Interpreting AMD CodeAnalyst, OMP speed

gib
New Contributor II
1,154 Views
I know this is heresy - Steve, don't read any further!

I've been doing a bit of testing with CodeAnalyst, trying to get some insight into why my program runs only about twice as fast with 4 processors as with 1. The most time-consuming parts of the code have been parallelised with OpenMP.

I notice that in the 4-thread case, the timer-based profile shows that my program is using about 60% of the cpu, while about 30% is being used between libiomp5md.dll and ntkrnlpa.exe. Can someone tell me if this non-program cpu usage is unusually high?

As far as I can see my parallel section is quite straightforward. I am doing computations on arrays that are defined on a 3D lattice, and my approach is to divide the region up into 2N slices (N = number of CPUs), and process the odd-numbered slices in one sweep and the even-numbered slices in the next sweep.
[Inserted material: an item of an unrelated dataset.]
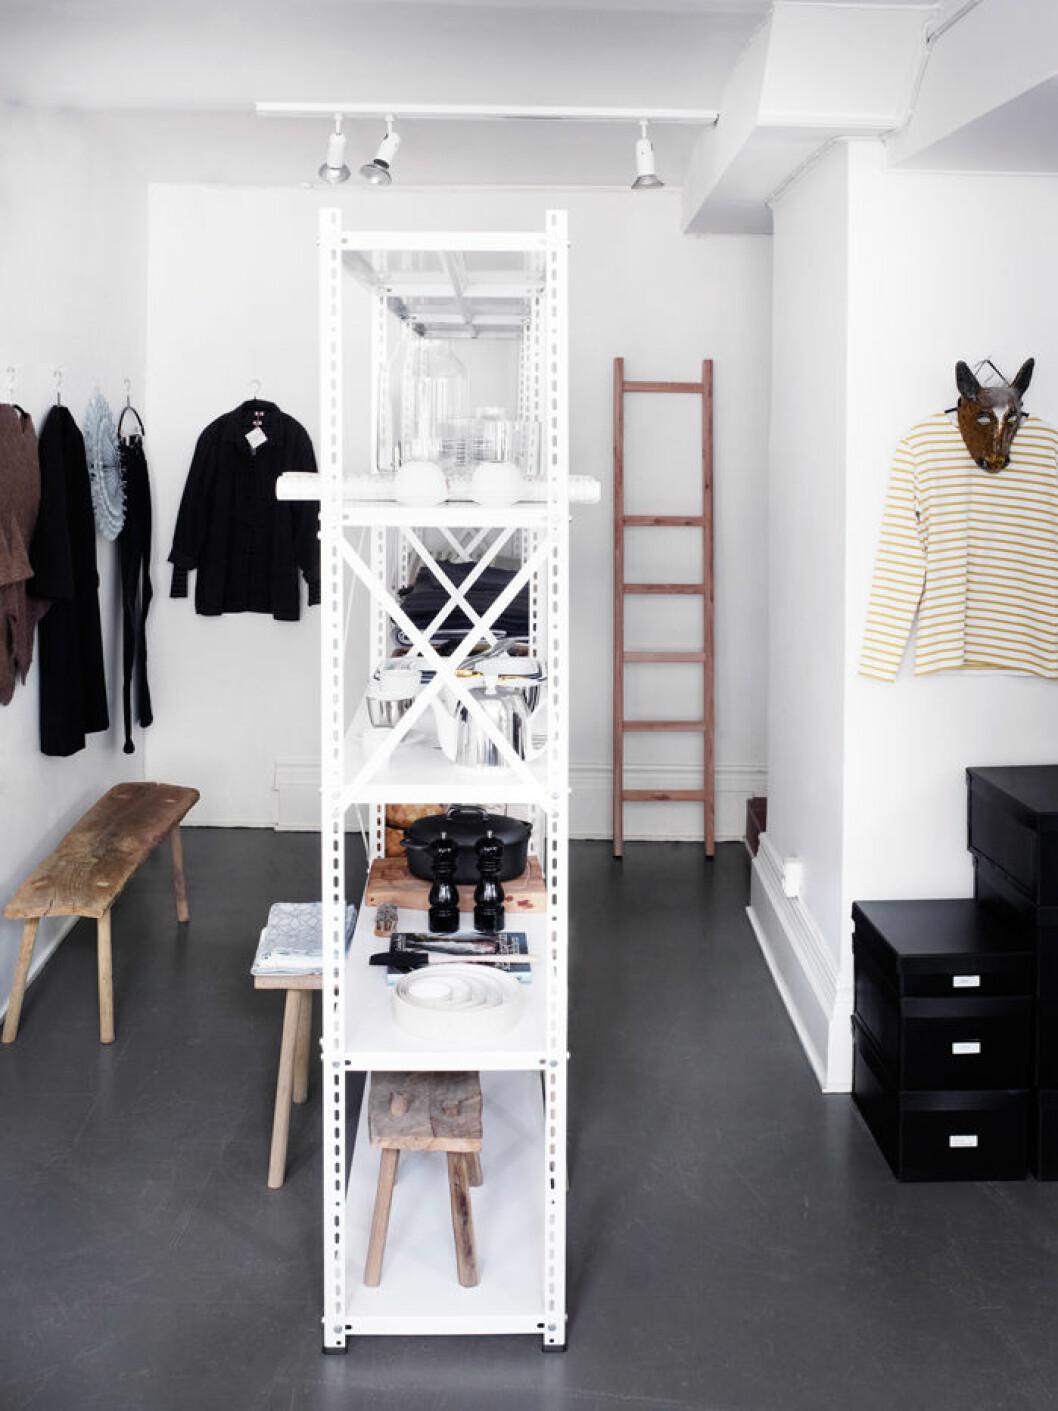 Walk-in-closet med hylla i mitten av rummet

For example, if a typical array is dimensioned A(100,100,100), and N = 2, the slices will correspond to A(1:100,1:100,z_lo:z_hi) where

slice z_lo z_hi
1 1 25
2 26 50
3 51 75
4 76 100

I do this consistently, and expect to avoid any synchronous writing by different processors to adjacent memory locations.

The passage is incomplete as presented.